For many years the mention of Milledgeville was synonymous with Central State Hospital and mental health. Once the nation’s largest and the world’s second-largest mental health hospital, the 167-year old facility has been named one of the 10 locations on the Georgia Trust for Historic Preservation’s 2010 Places in Peril list. The historic sites were selected because they are deemed valuable and need restoration work. The organization is providing ways for people in Georgia’s communities to help with that process.

The idea for Central State was started back in the 1830s by Dr. Tomlinson Fort, a popular figure in Milledgeville at the time.

“Dr.
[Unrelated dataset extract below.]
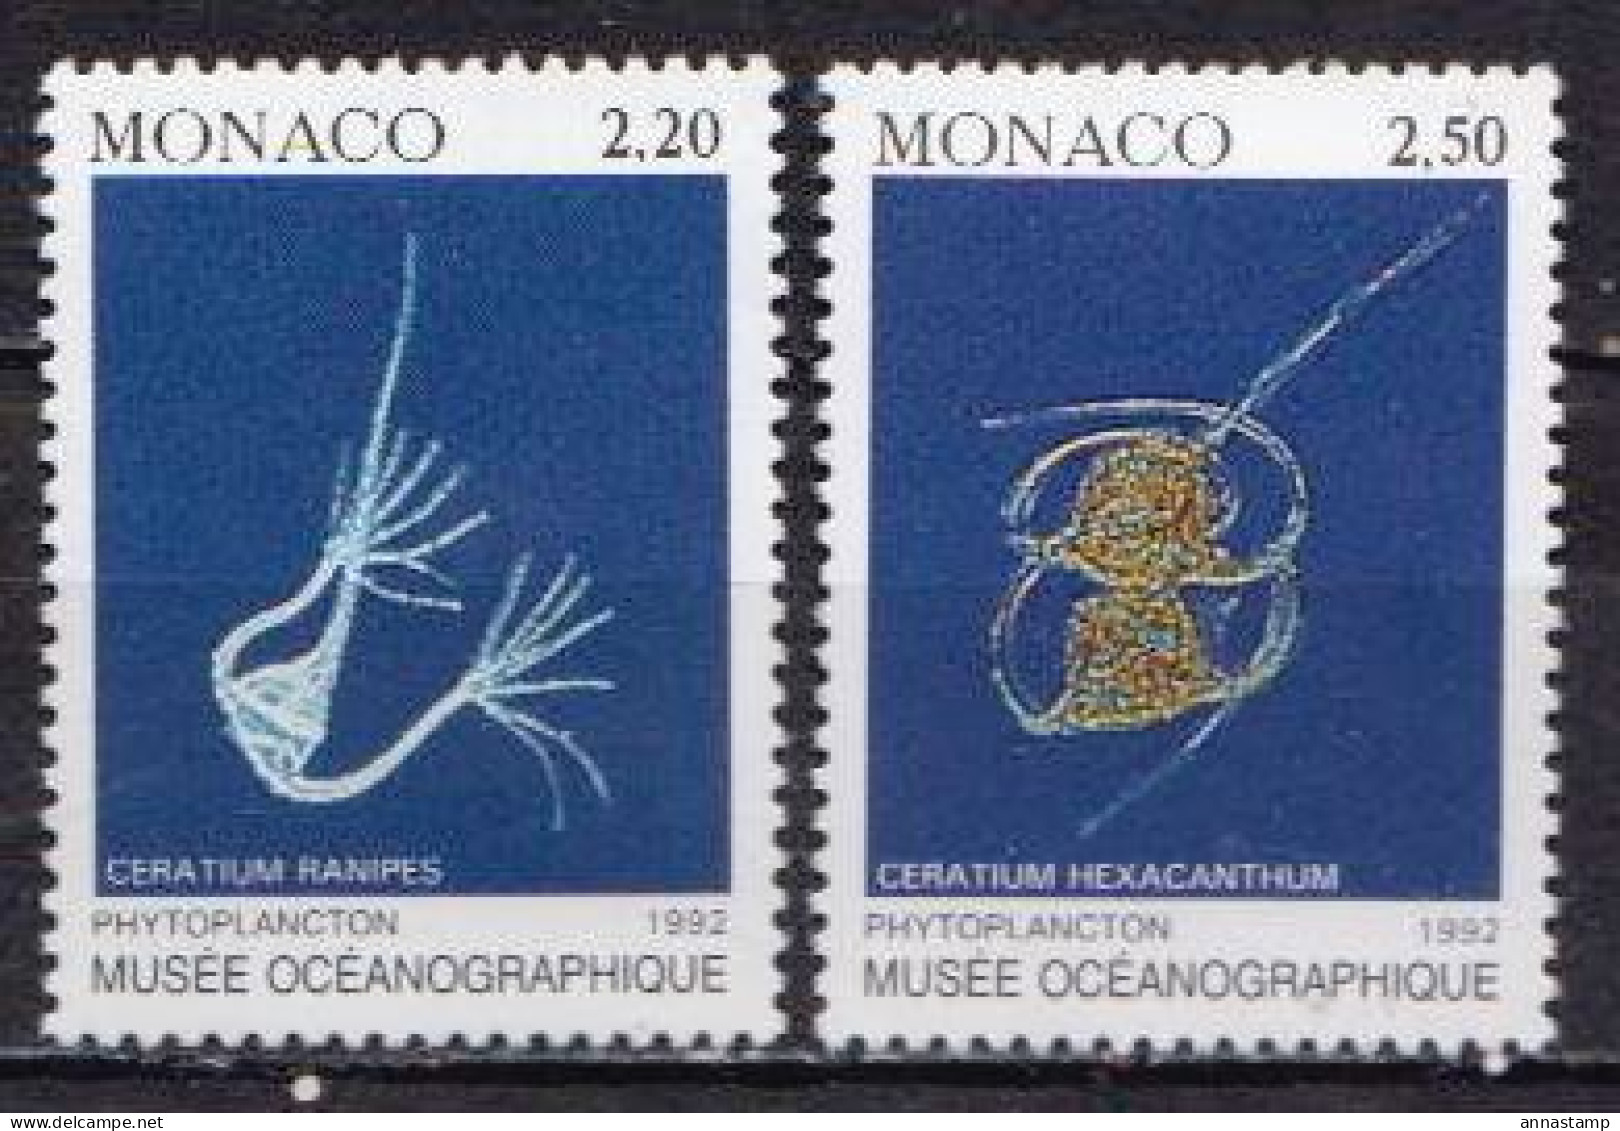 Monaco MNH Set - Marine Life

Fort did everything around here back then,” said GCSU history professor Dr. Bob Wilson. “He was well involved with banks and medicine, he served a term in Congress and he believed in the idea of a progressive institution for the mentally ill.”
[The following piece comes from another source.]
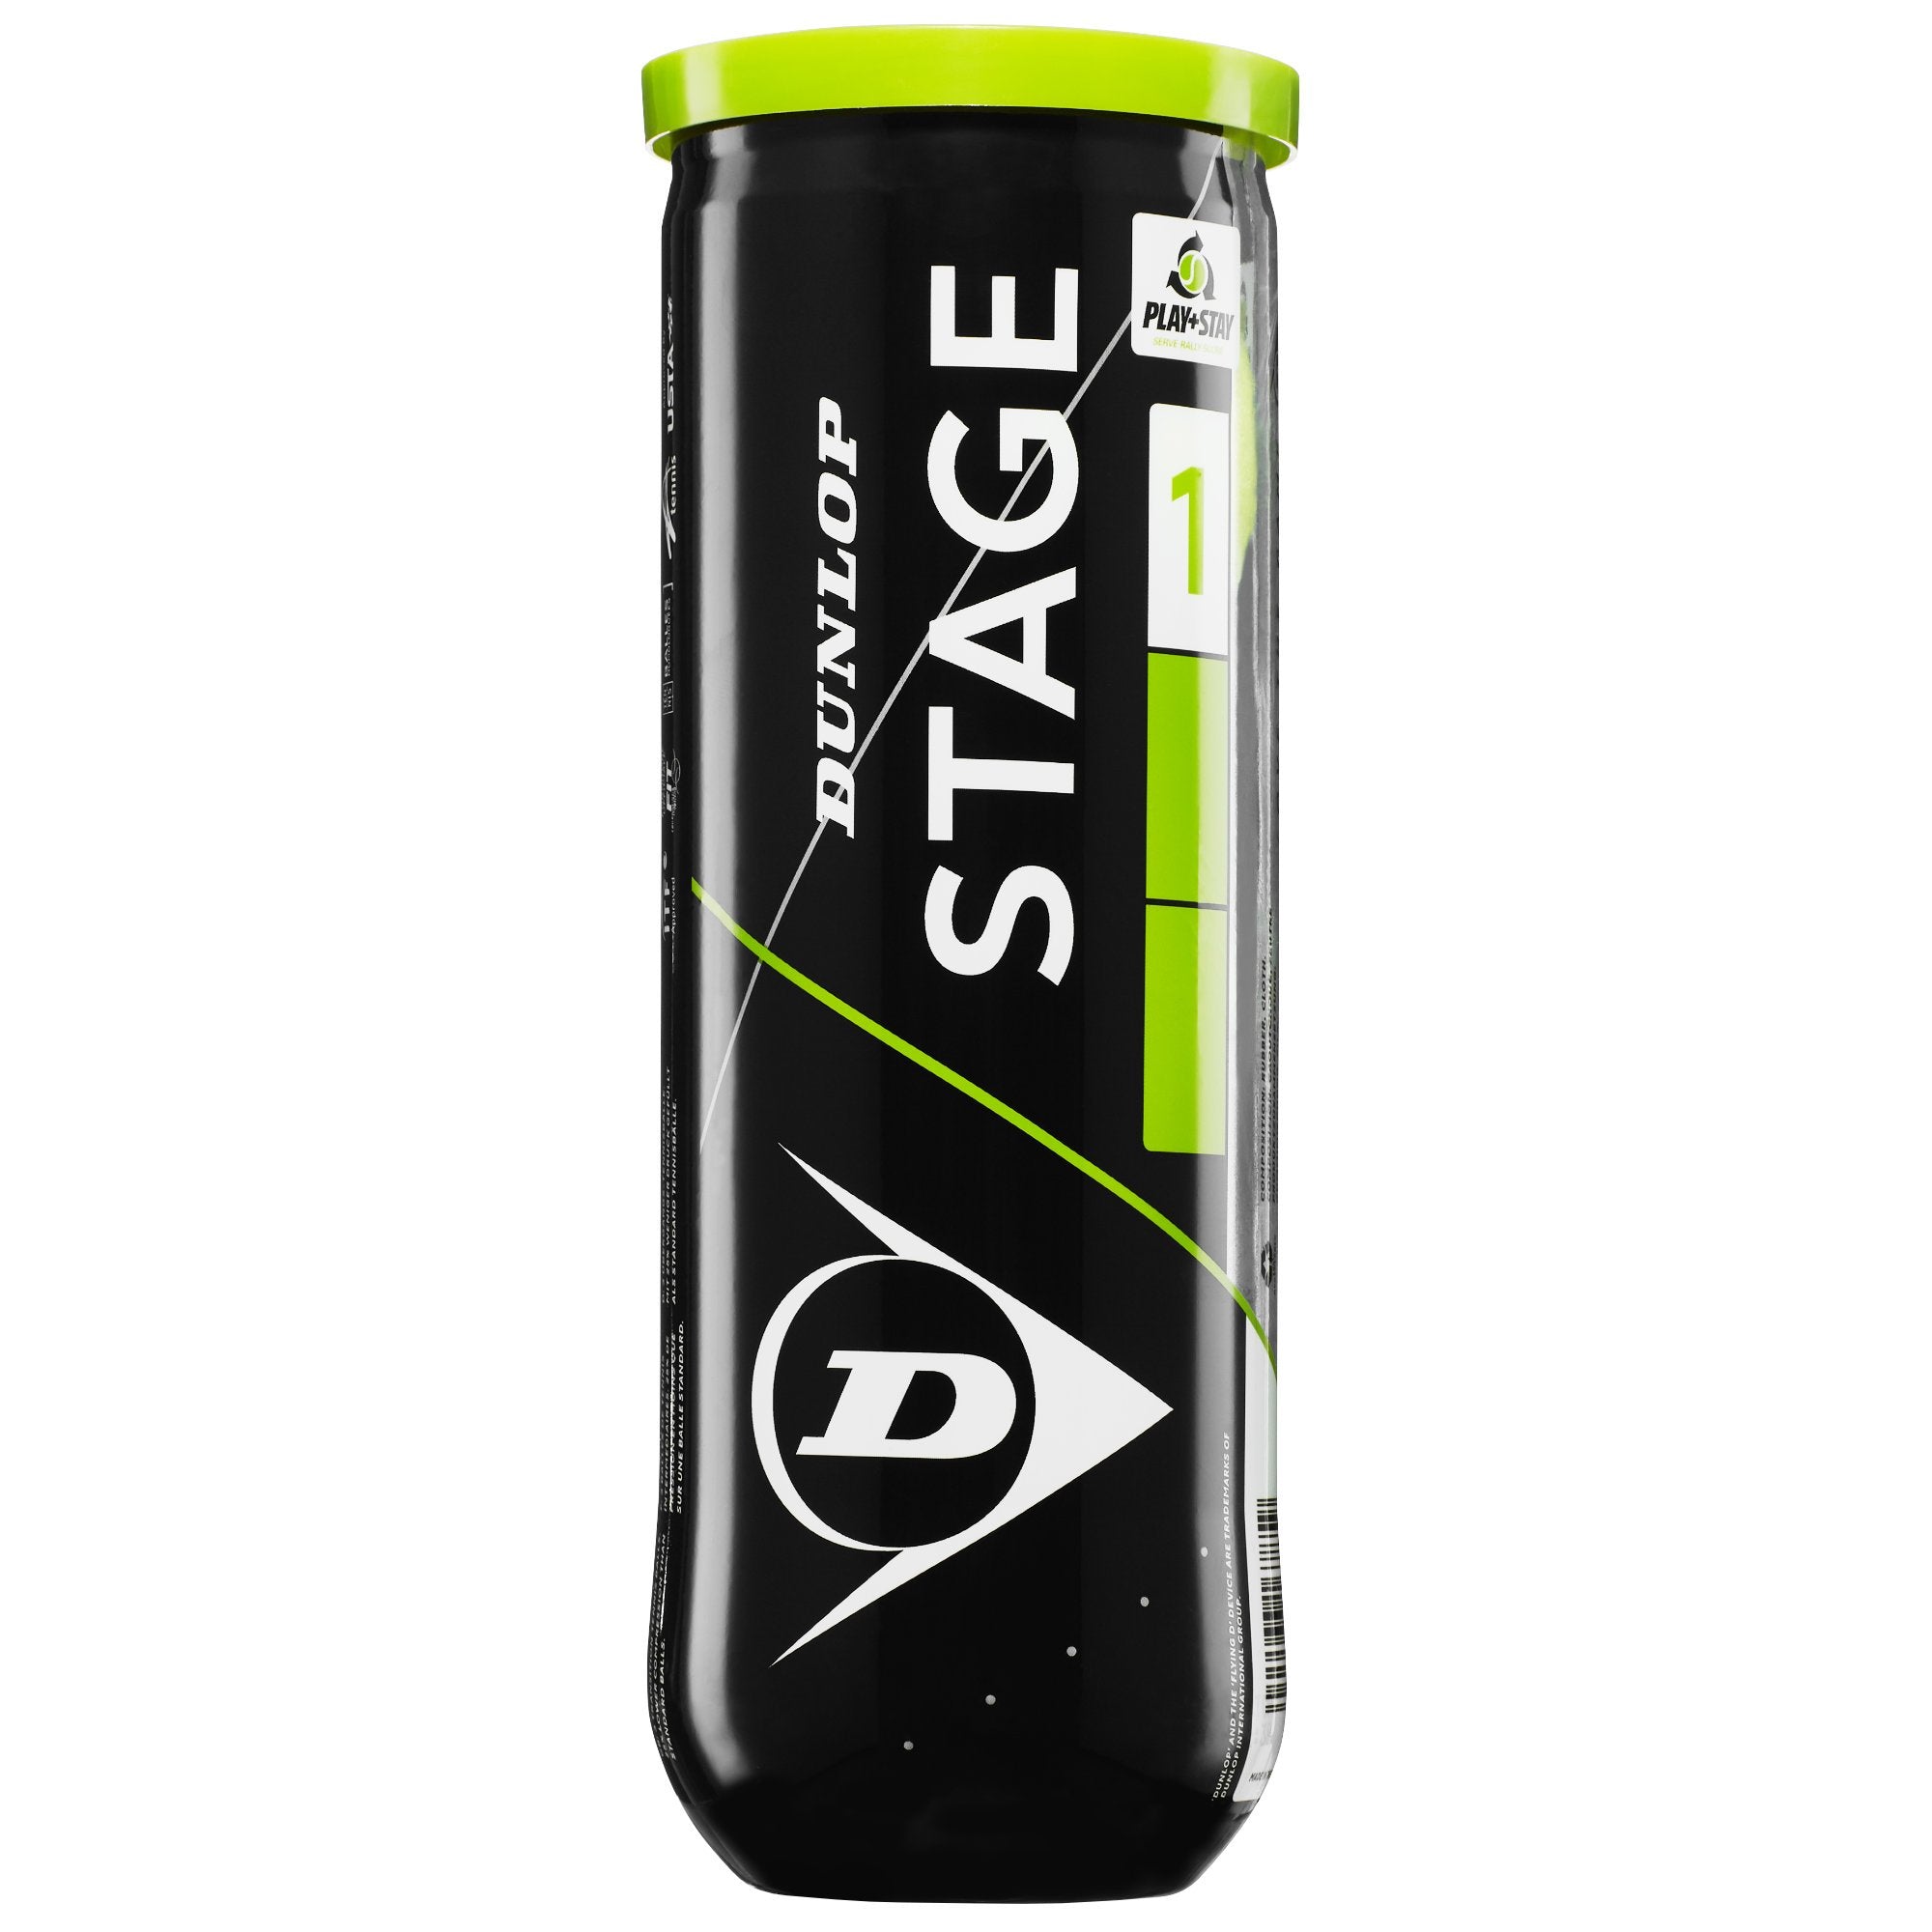 Dunlop Stage 1 Green Mini Tennis Balls - Tube of 3

In 1837, the Georgia State Legislature passed a bill with Gov. Wilson Lumpkin’s support calling for a “State Lunatic, Idiot, and Epileptic Asylum.” The facility was built and opened in 1842 as the State Lunatic Asylum in Milledgeville, a city that was Georgia’s state capital at the time. After becoming Georgia State Sanitarium in 1898 and Milledgeville State Hospital in 1929, it became Central State Hospital in 1967.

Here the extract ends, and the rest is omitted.